AIM OF THE TASK
From the line that contains "Xperia 5 15,5" to the last line of the data below, transcribe every line exactly. Do not include the pictures.
+++ GIVEN MATERIAL +++
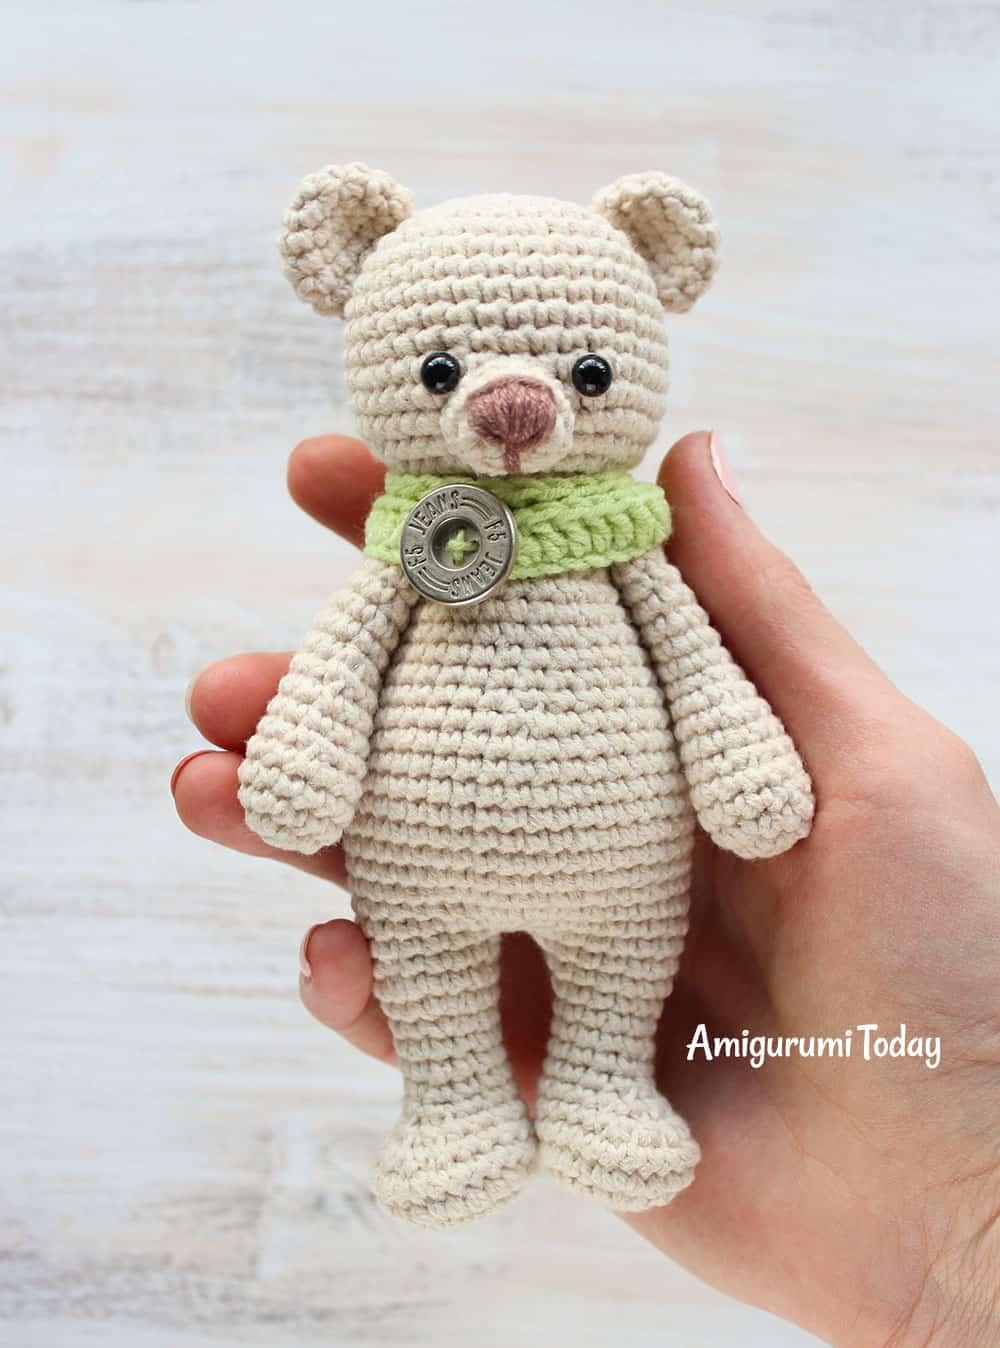 cuddle-me-bear-amigurumi
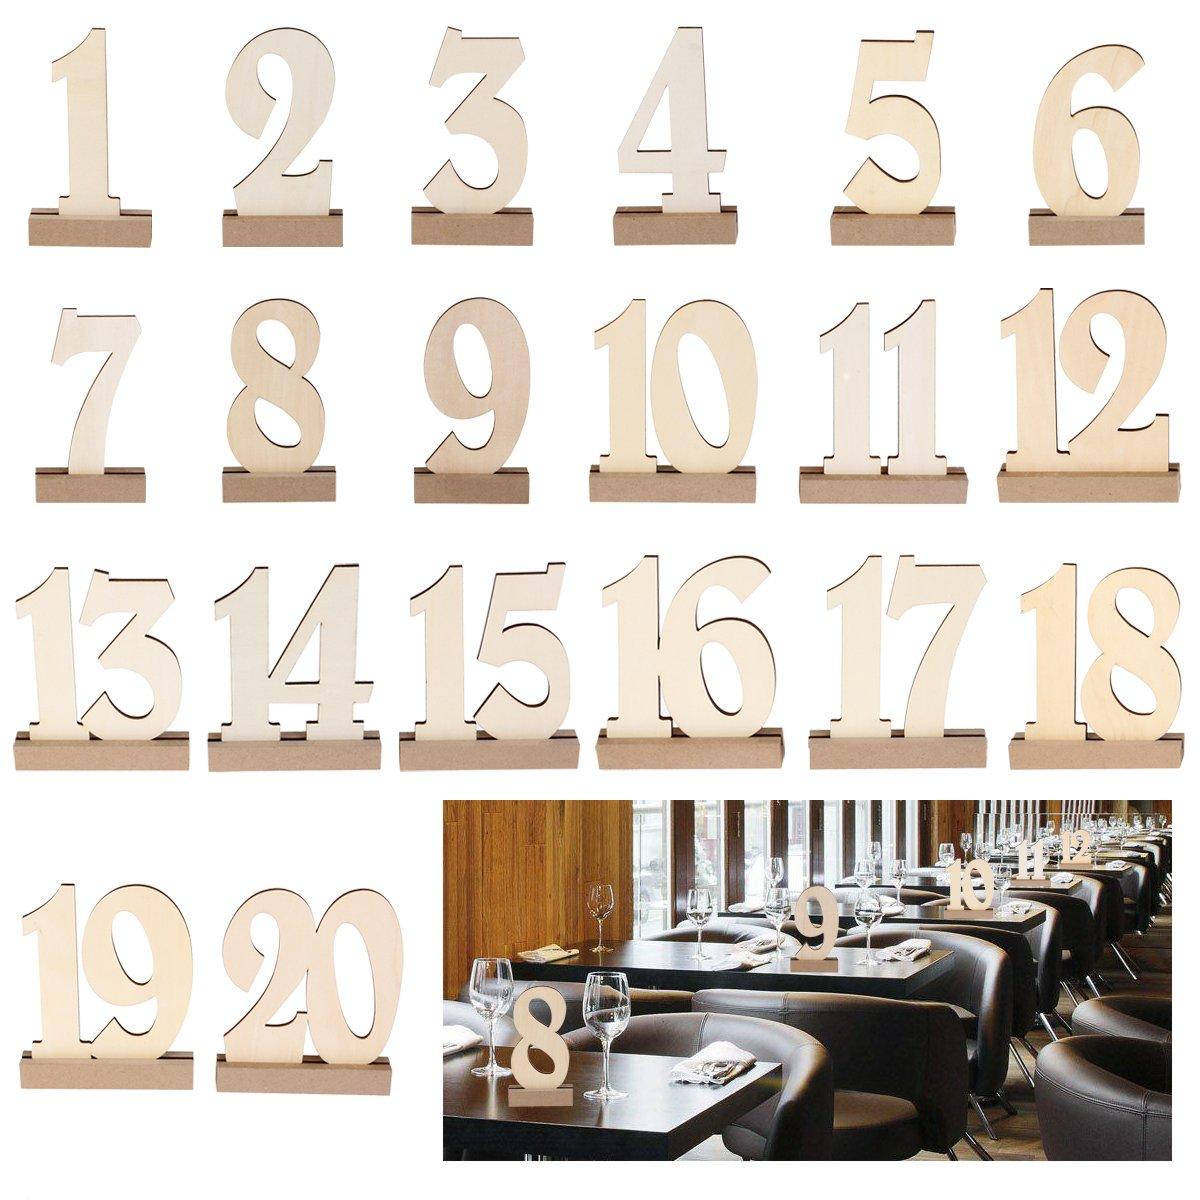 Numeri per tavoli ristorante fai da te jn57 regardsdefemmes - Tavoli rustici fai da te ...
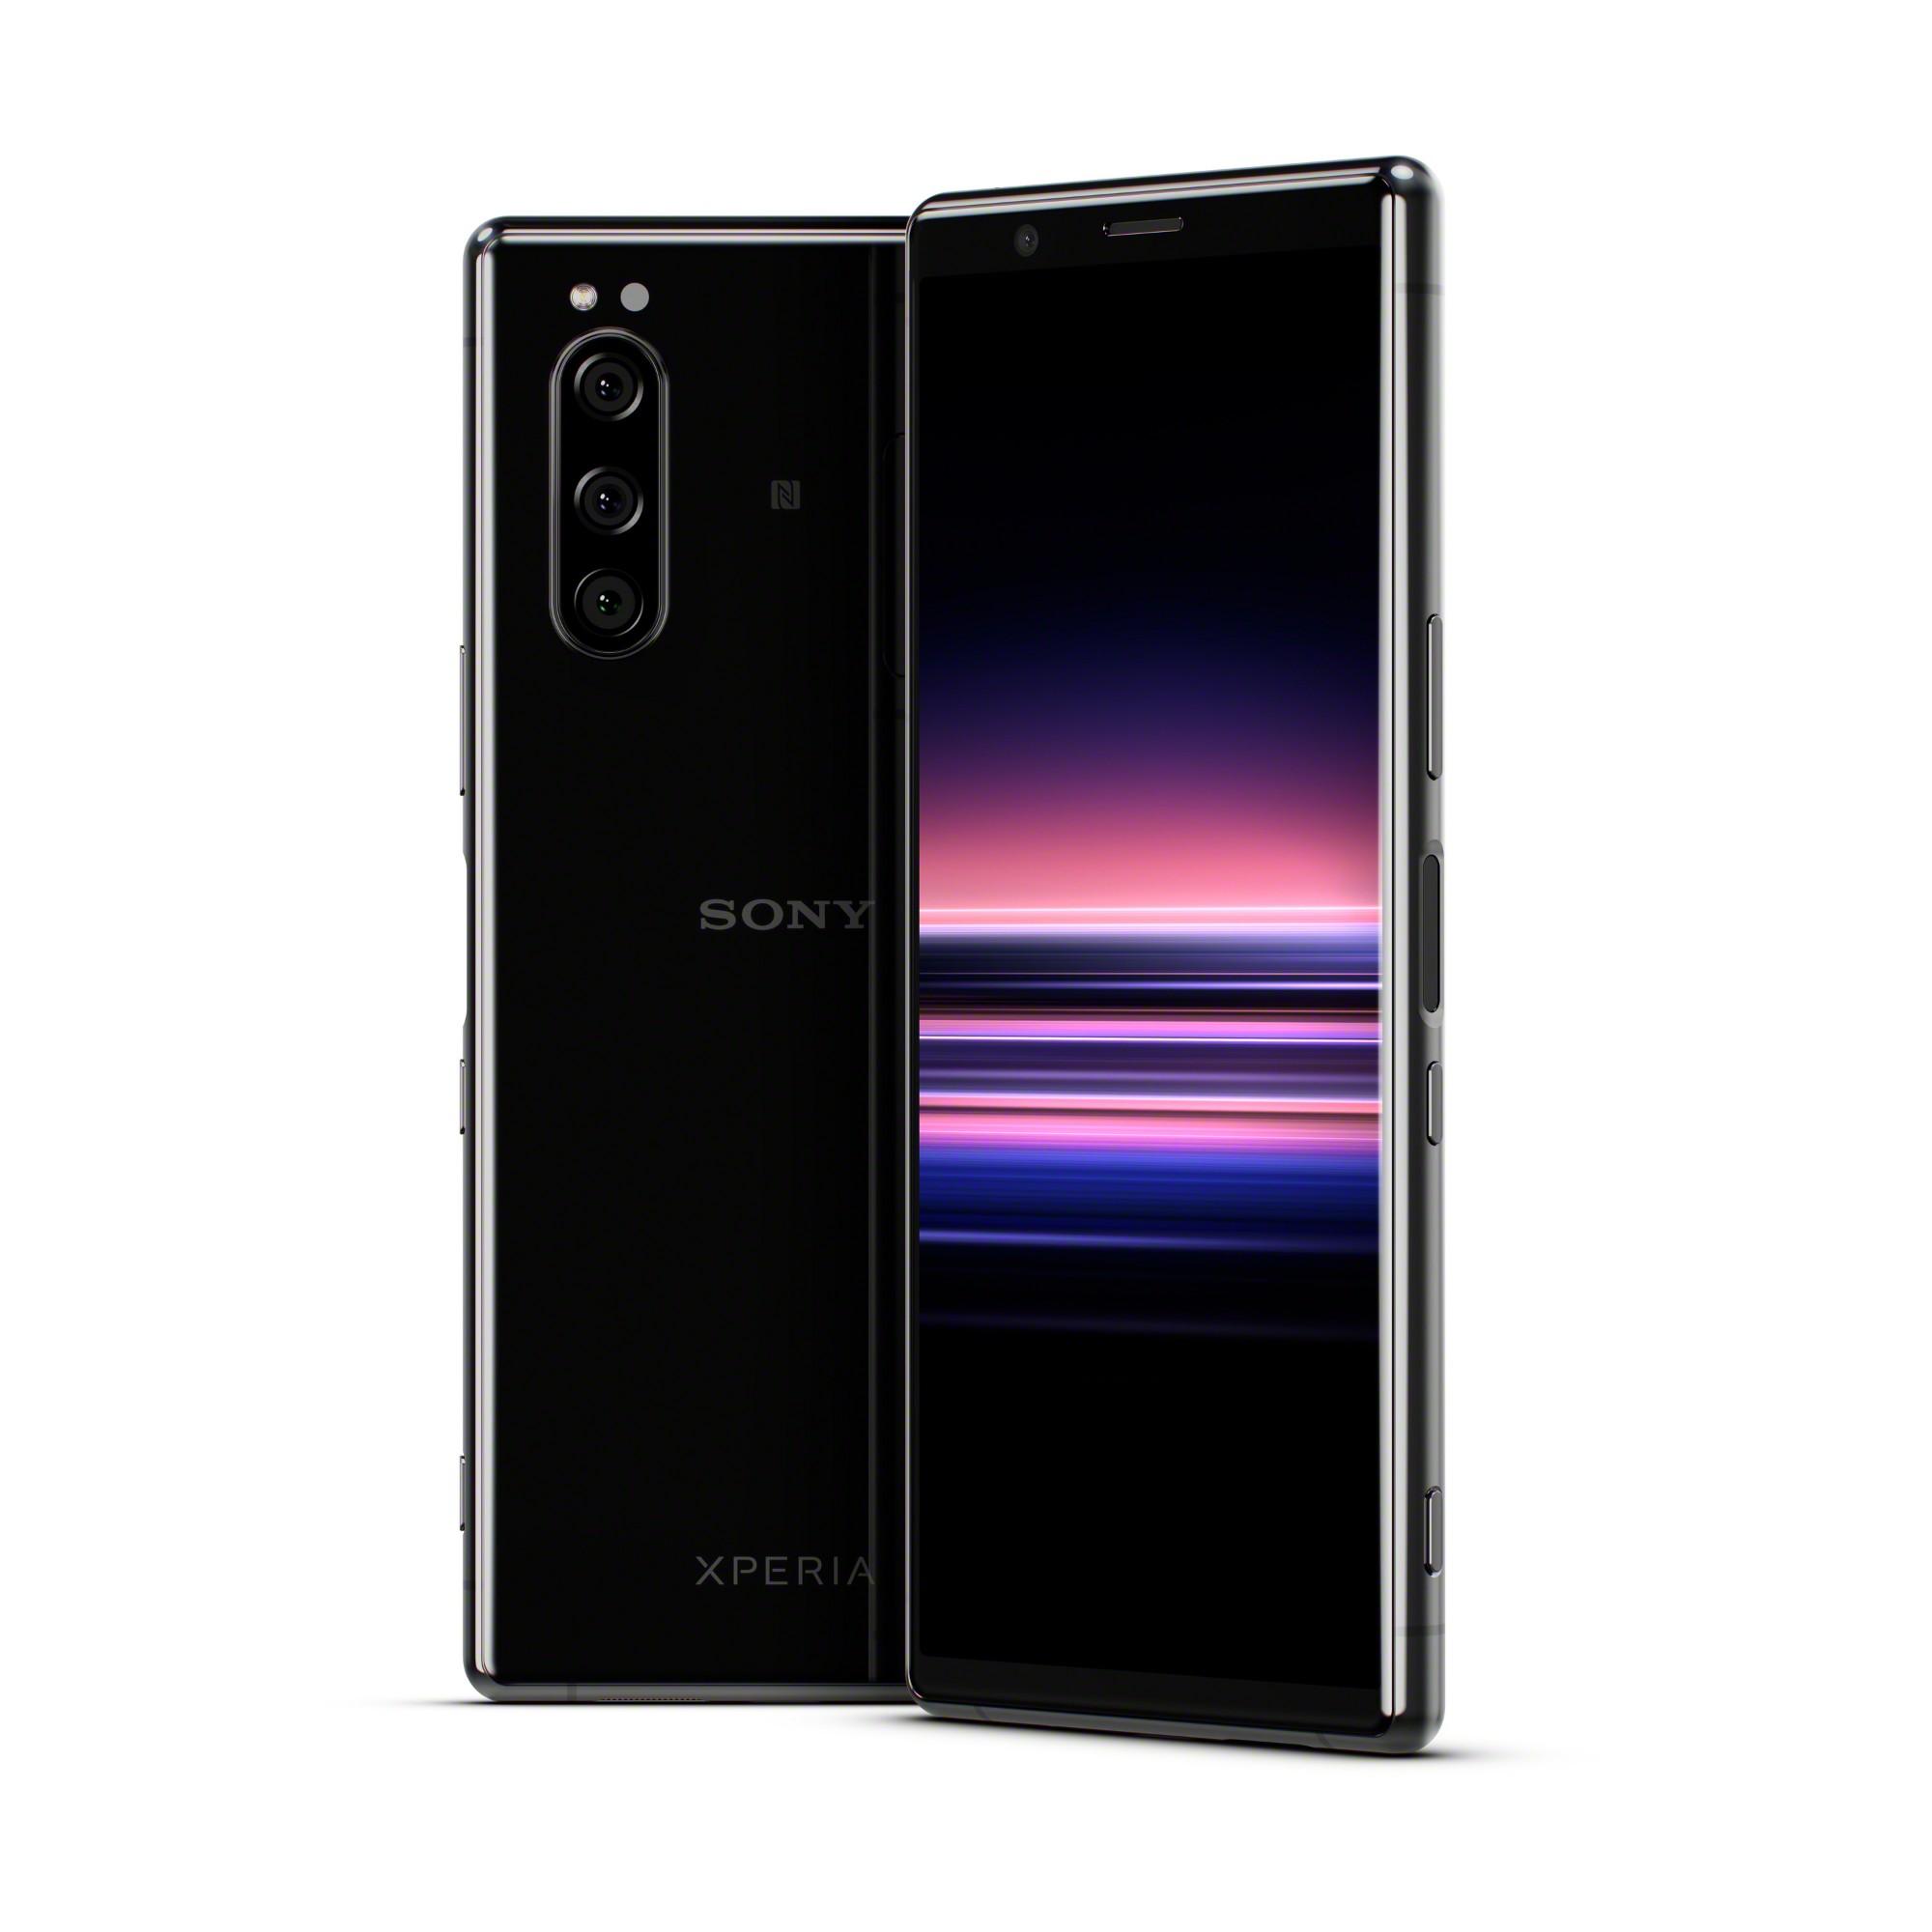 "Sony Xperia 5 15,5 cm (6.1"") 6 GB 128 GB 4G USB Tipo C Negro Android 9.0 3140 mAh"
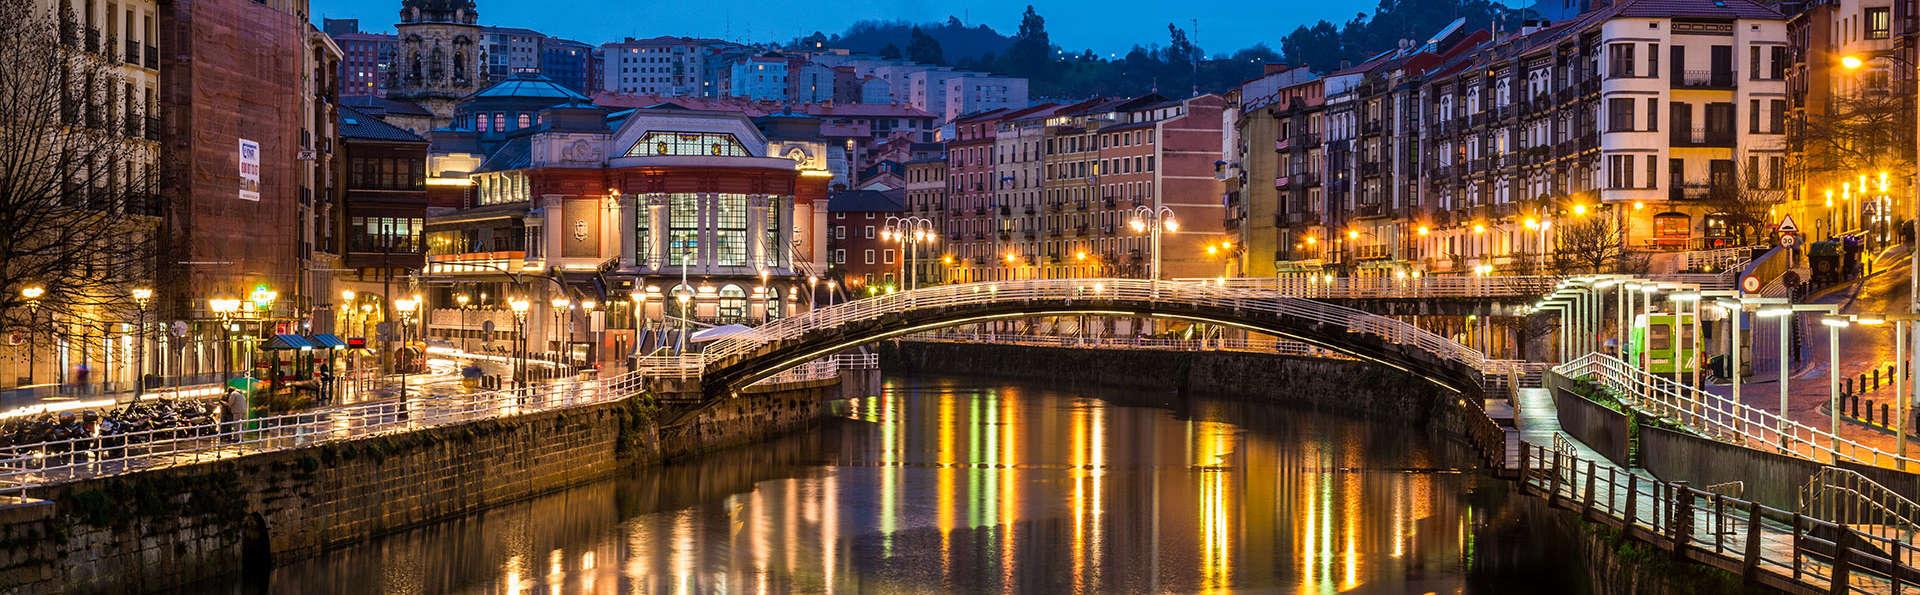 Hotel Arenal Bilbao - Edit_Bilbao.jpg
+++
WRITTEN SOLUTION
 "Sony Xperia 5 15,5 cm (6.1"") 6 GB 128 GB 4G USB Tipo C Negro Android 9.0 3140 mAh"
 Hotel Arenal Bilbao - Edit_Bilbao.jpg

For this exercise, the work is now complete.